*Goal of the exercise*. In the entries below, find the line with "2021_-_Pressupostos_votaci_final" and the line with "Pin by Michael", then retype both and everything between them exactly. Do not copy the pictures.

*The input*.

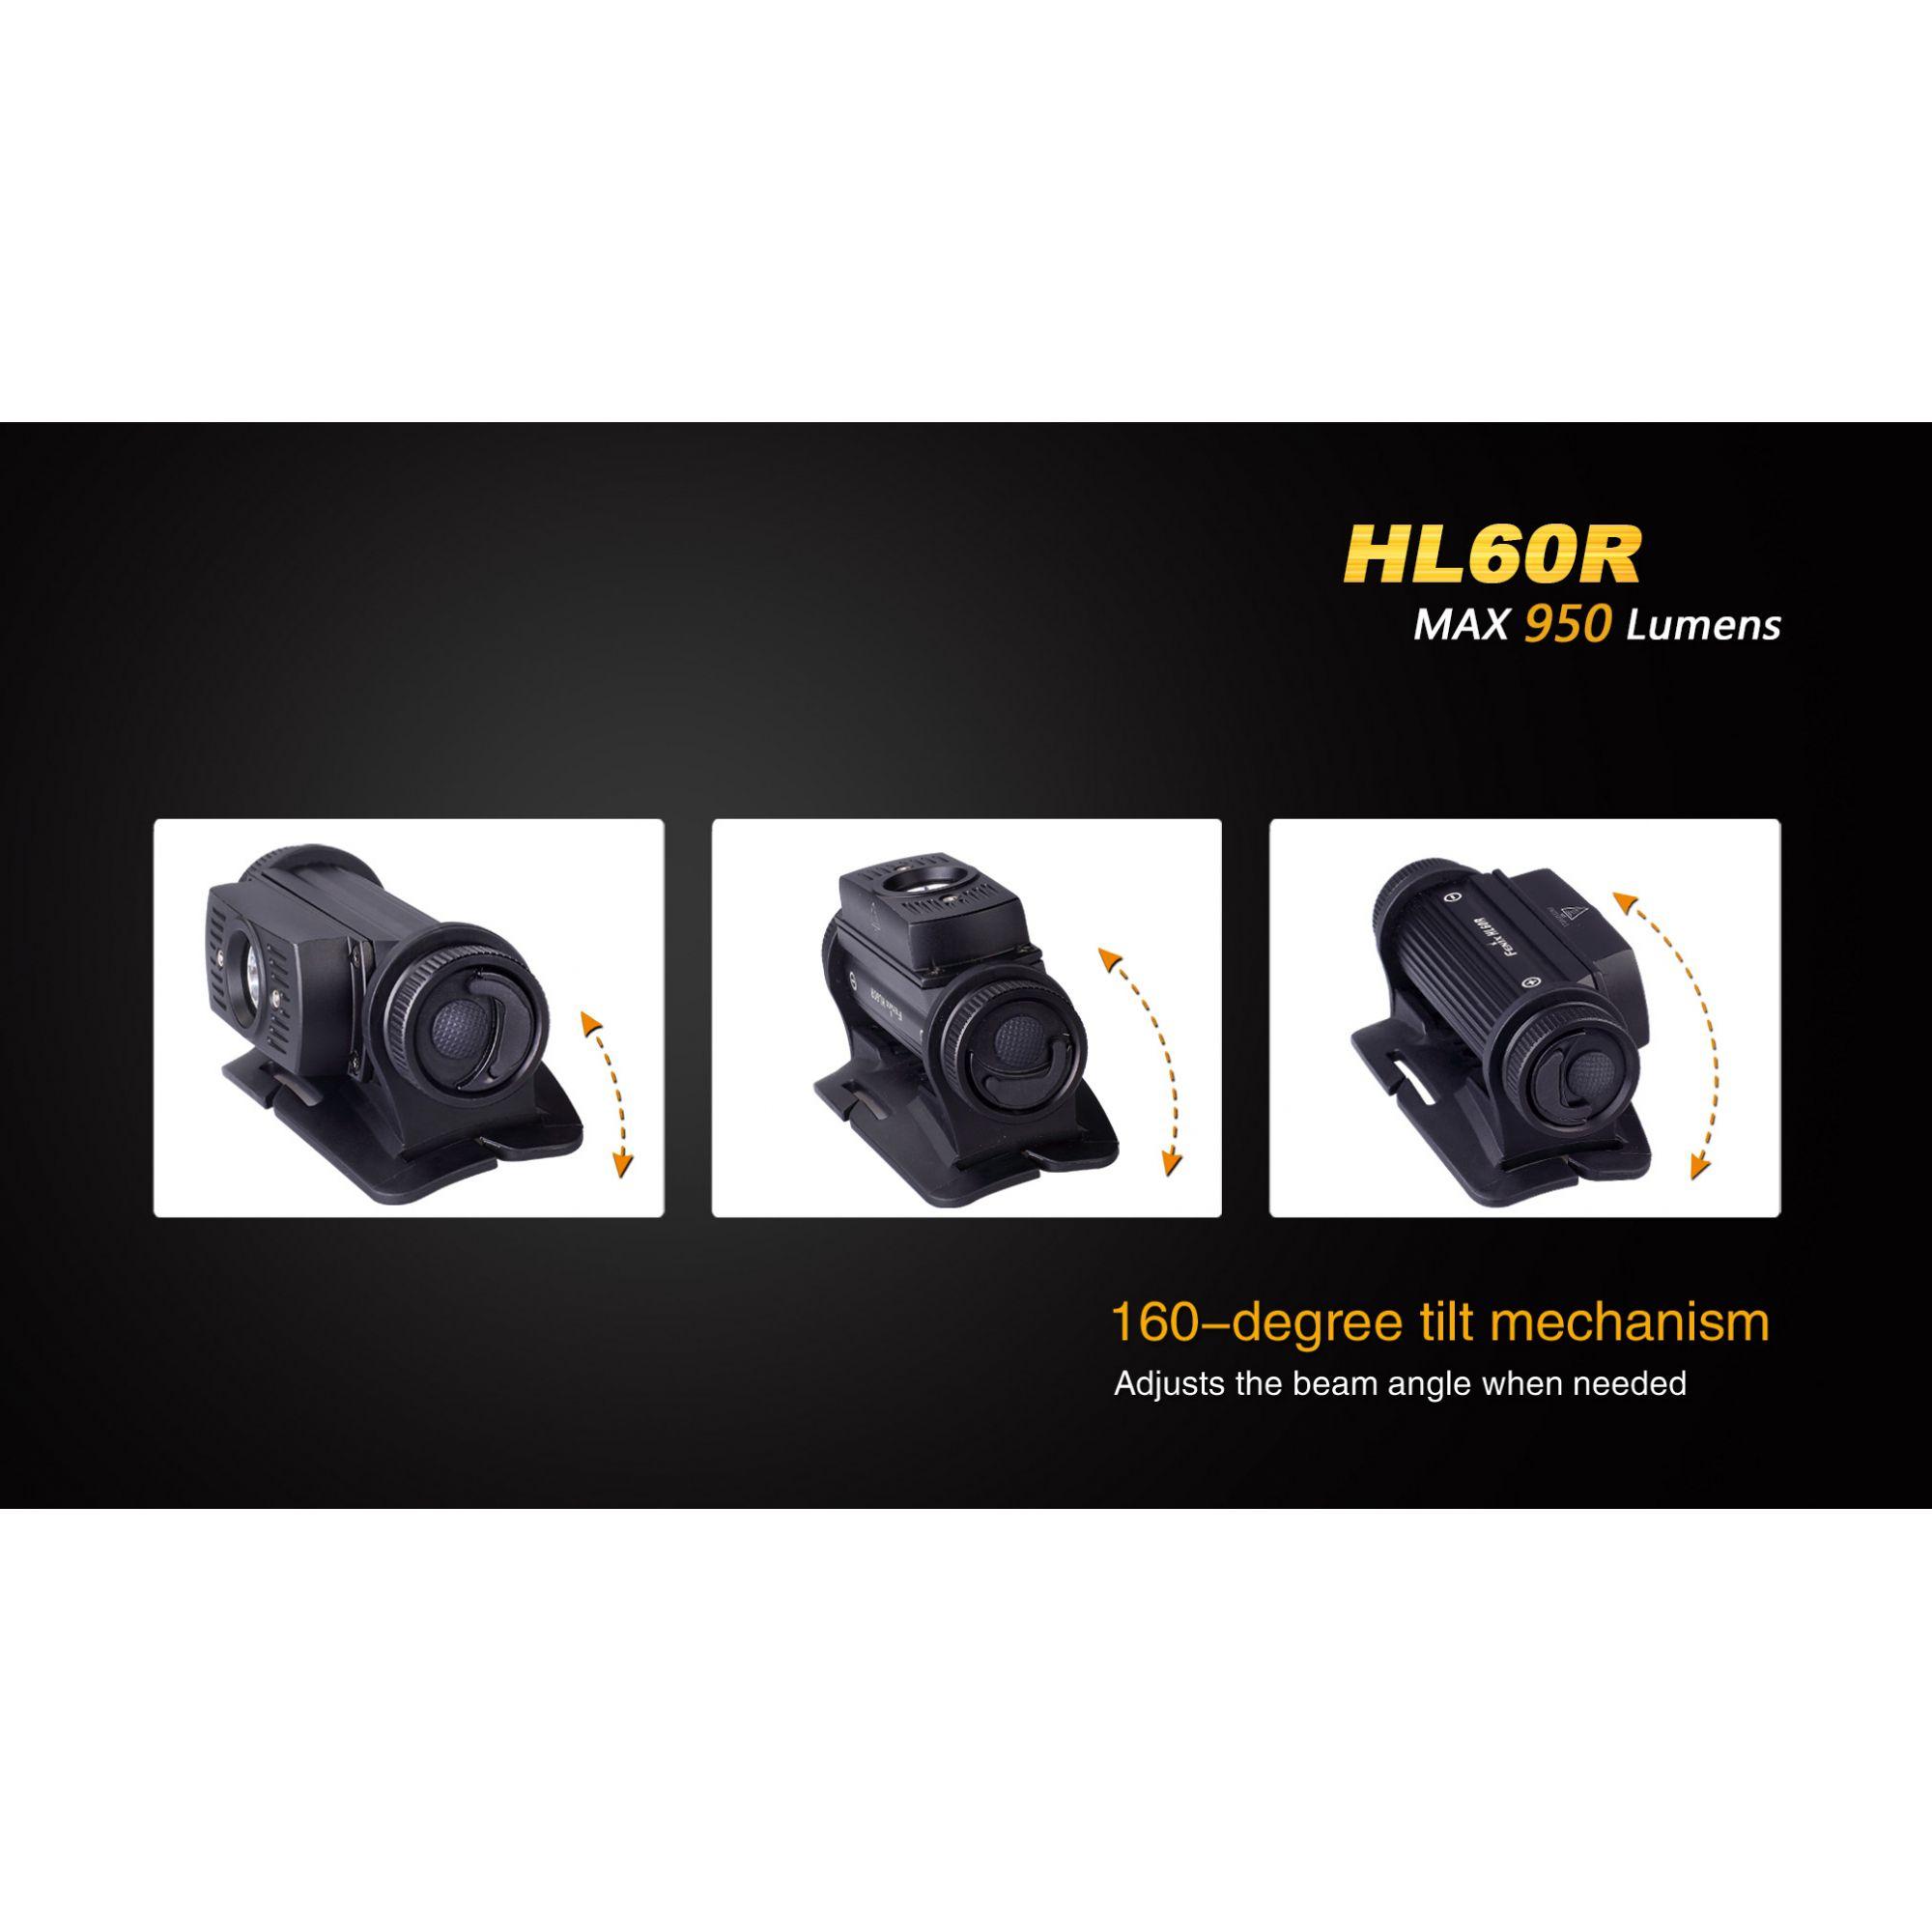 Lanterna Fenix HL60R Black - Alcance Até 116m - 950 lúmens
...
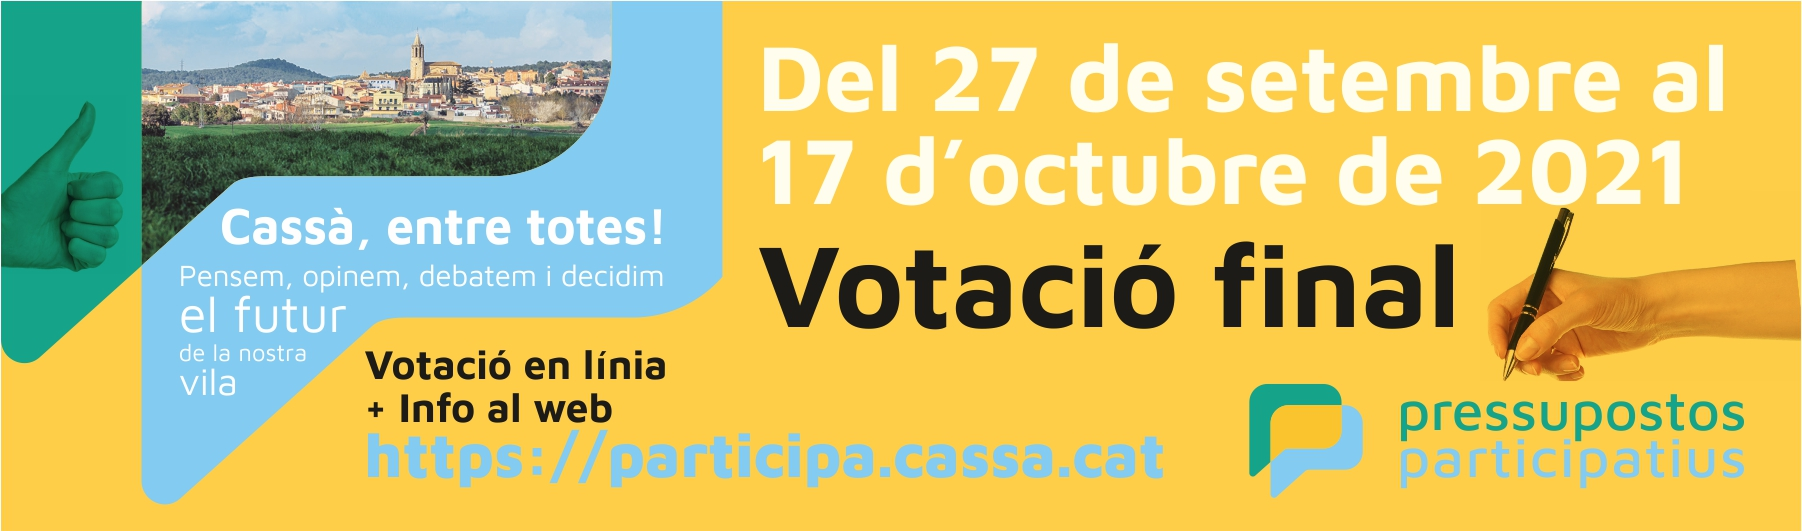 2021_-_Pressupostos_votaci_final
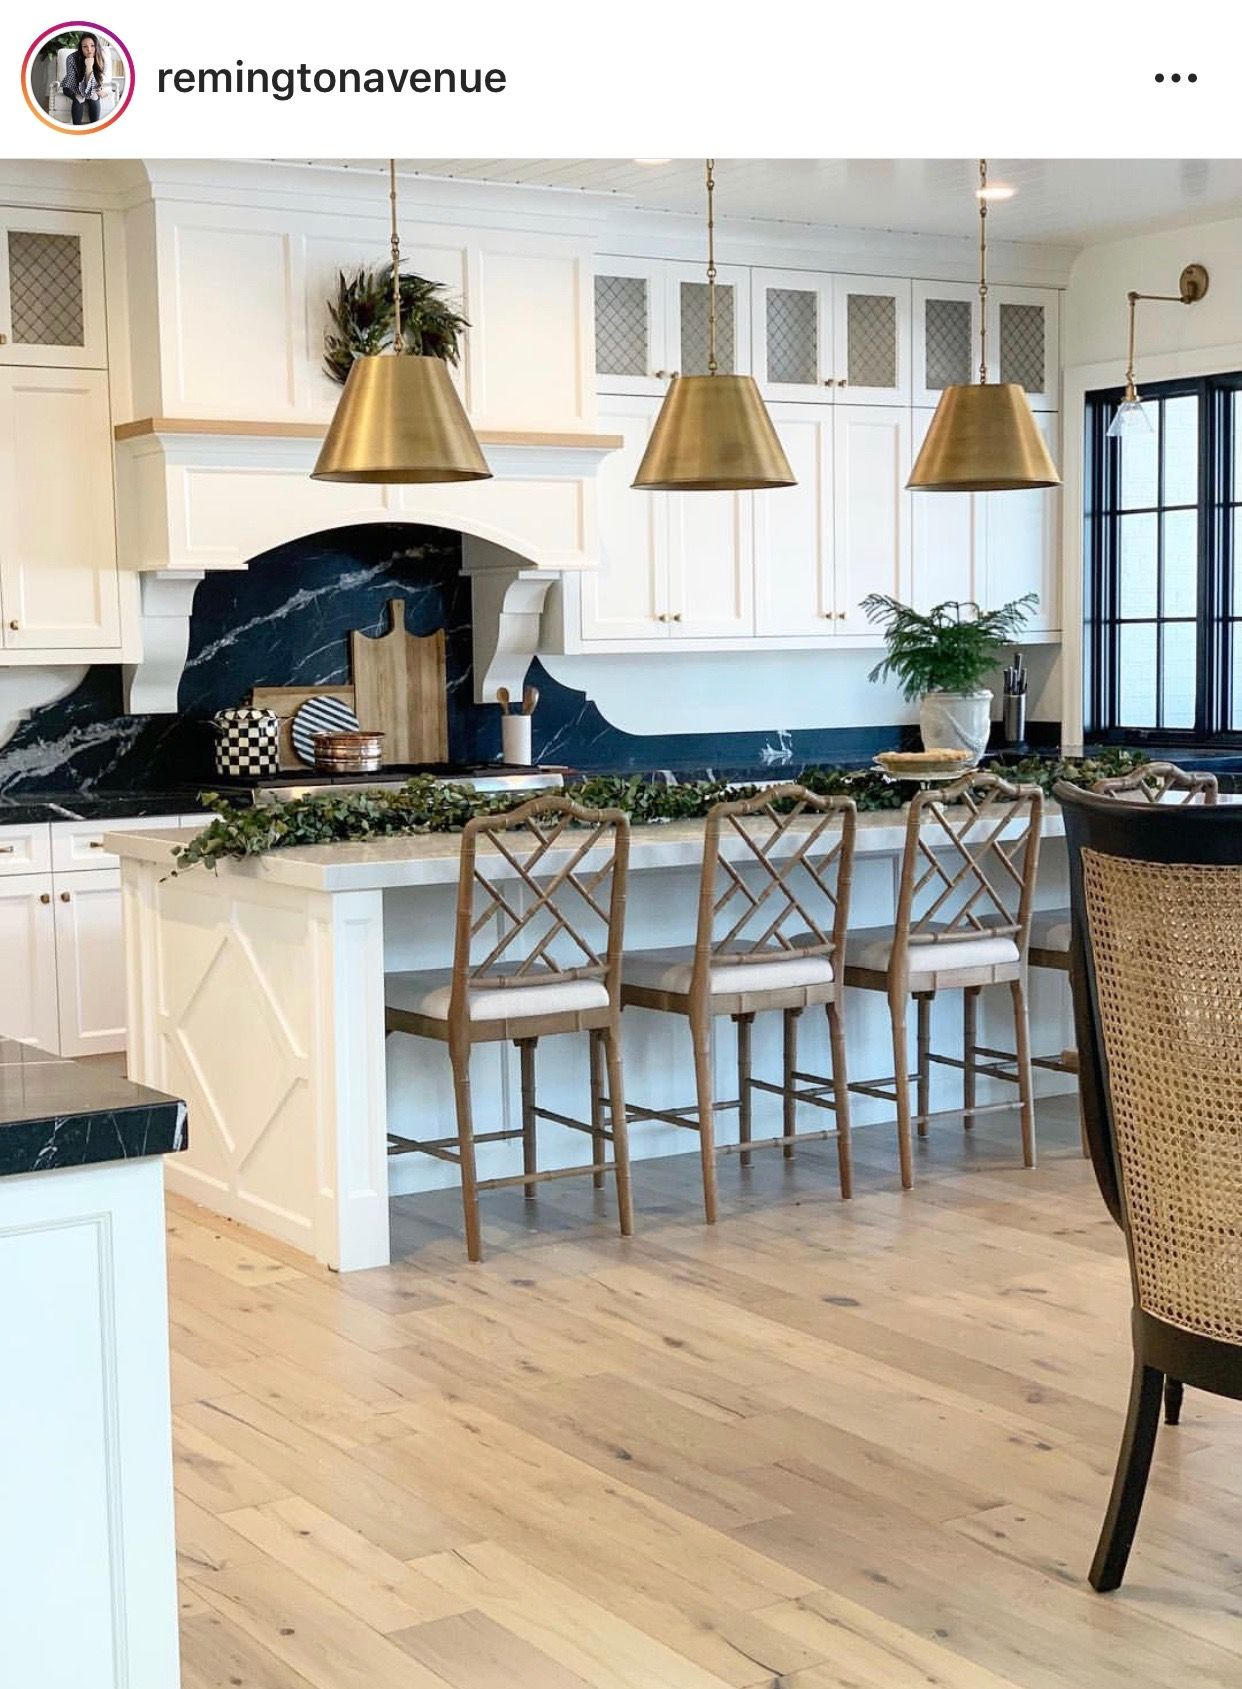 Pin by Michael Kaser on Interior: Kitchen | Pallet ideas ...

*Answer for the task*.
 2021_-_Pressupostos_votaci_final
 Pin by Michael Kaser on Interior: Kitchen | Pallet ideas ...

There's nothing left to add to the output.